La Cia Toscana sollecita inoltre interventi urgenti da parte del Governo Nazionale per cercare di recuperare competitività del settore, soprattutto nei confronti degli altri paesi dell’Europa.

«Non sarà sufficiente la sola capacità individuale delle singole imprese a rilanciare il settore – specifica Giordano Pascucci – ma serviranno strategie condivise e una maggiore concertazione tra il governo nazionale, quello regionale e le forze sociali oltre all’attuazione di un piano economico regionale che coinvolga l’impresa agricola, che nella regione rappresenta un ruolo importante e decisivo per altri settori, basti pensare al turismo attratto dalla paesaggistica di certi posti data proprio dalla cultura rurale.
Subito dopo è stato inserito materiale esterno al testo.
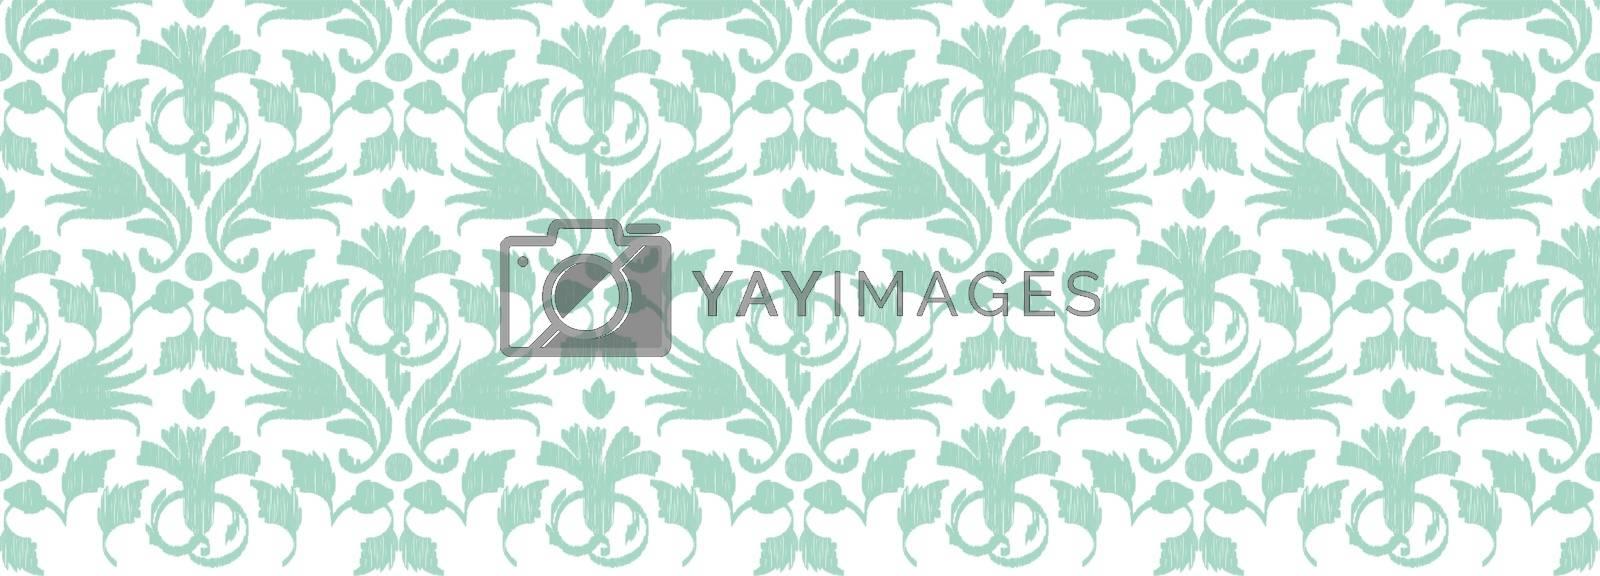 Royalty free image of Vector abstract green ikat horizontal border seamless pattern ba by Oksancia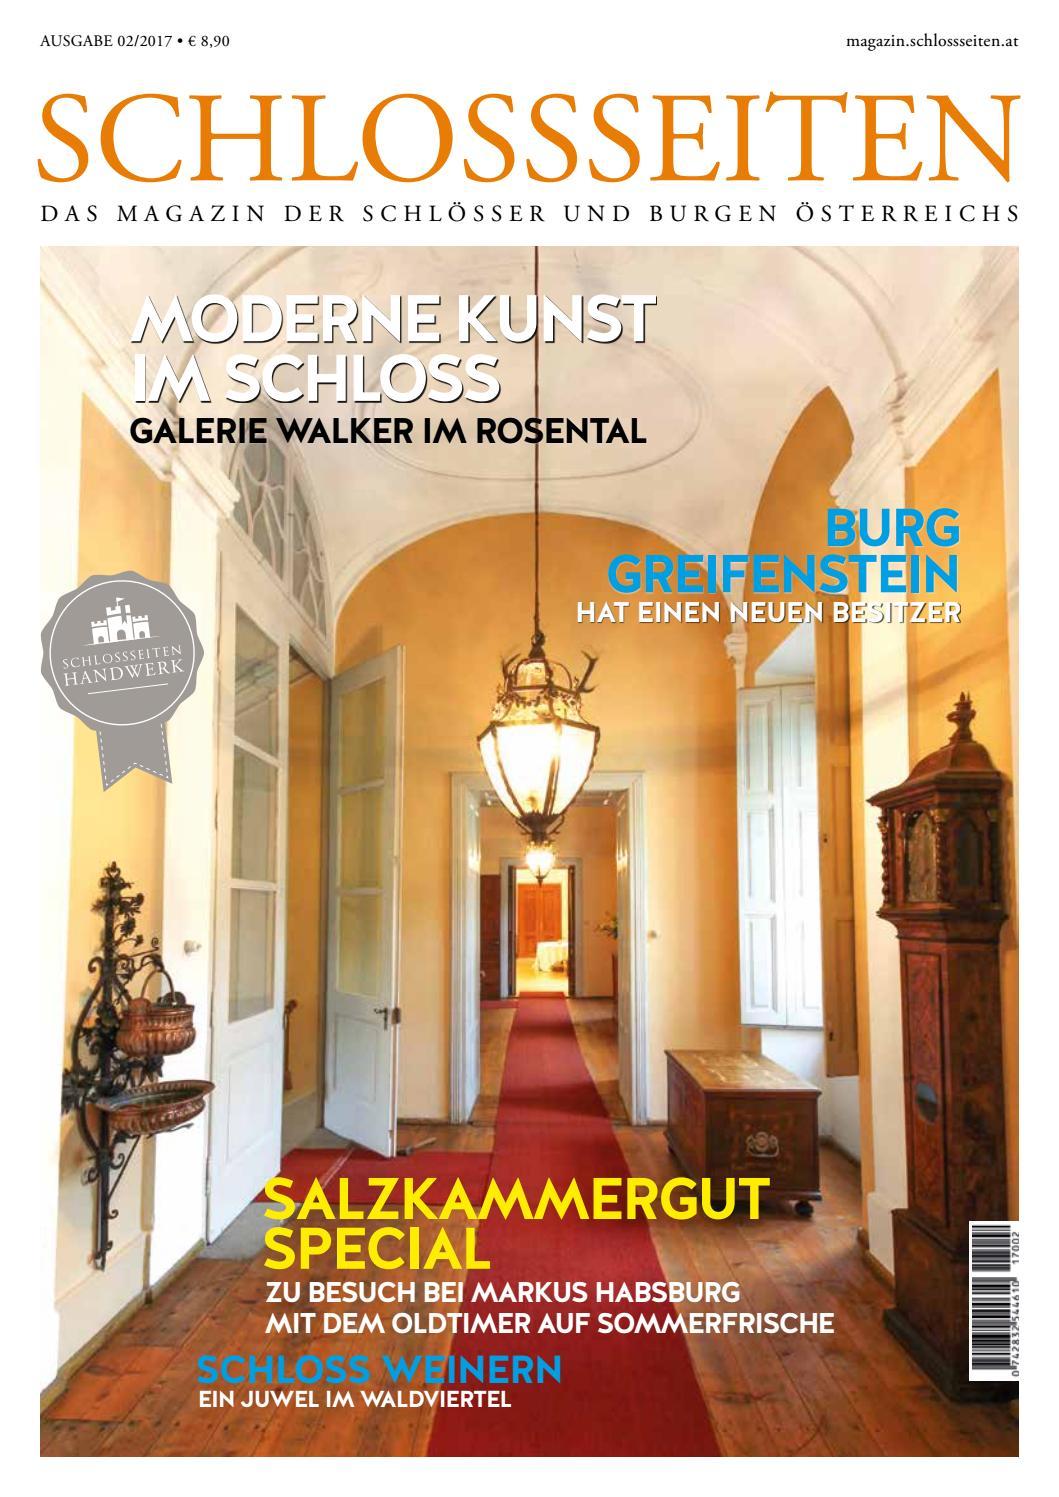 Schlossseiten Magazin 02/2017 by Schlossseiten - issuu

La Regione prima di tutto, però, dovrà svolgere in questo senso un ruolo più marcatamente a favore del settore. Durante la Conferenza Regionale dell’Agricoltura si è parlato di strategie: le condividiamo, ma che vengano messe in atto quanto prima per non rischiare di lasciare i nostri agricoltori un passo indietro rispetto allo sviluppo economico della regione e del Paese».
Alla luce di questi primi dati poco promettenti e in attesa del rapporto Irpet – Arsia, la Cia Toscana si aspetta un lavoro sulle filiere, elemento fondamentale per il rilancio di un’economia in scala; uno sviluppo locale integrato; un rapporto diretto tra l’agricoltura e gli altri settori economici; più credito ai produttori per reinvestire nelle colture tradizionali e nell’innovazione del sistema secondo la multifunzionalità dell’azienda.

«Non dimentichiamo inoltre – conclude Pascucci - il ruolo che il Prs (Piano Regionale di Sviluppo) potrà e dovrà avere anche nei confronti dell’agricoltura, settore che dovrà fare parte dell’intero progetto economico della regione per il rilancio della competitività di tutta l’economia, agricoltura e aree rurali comprese».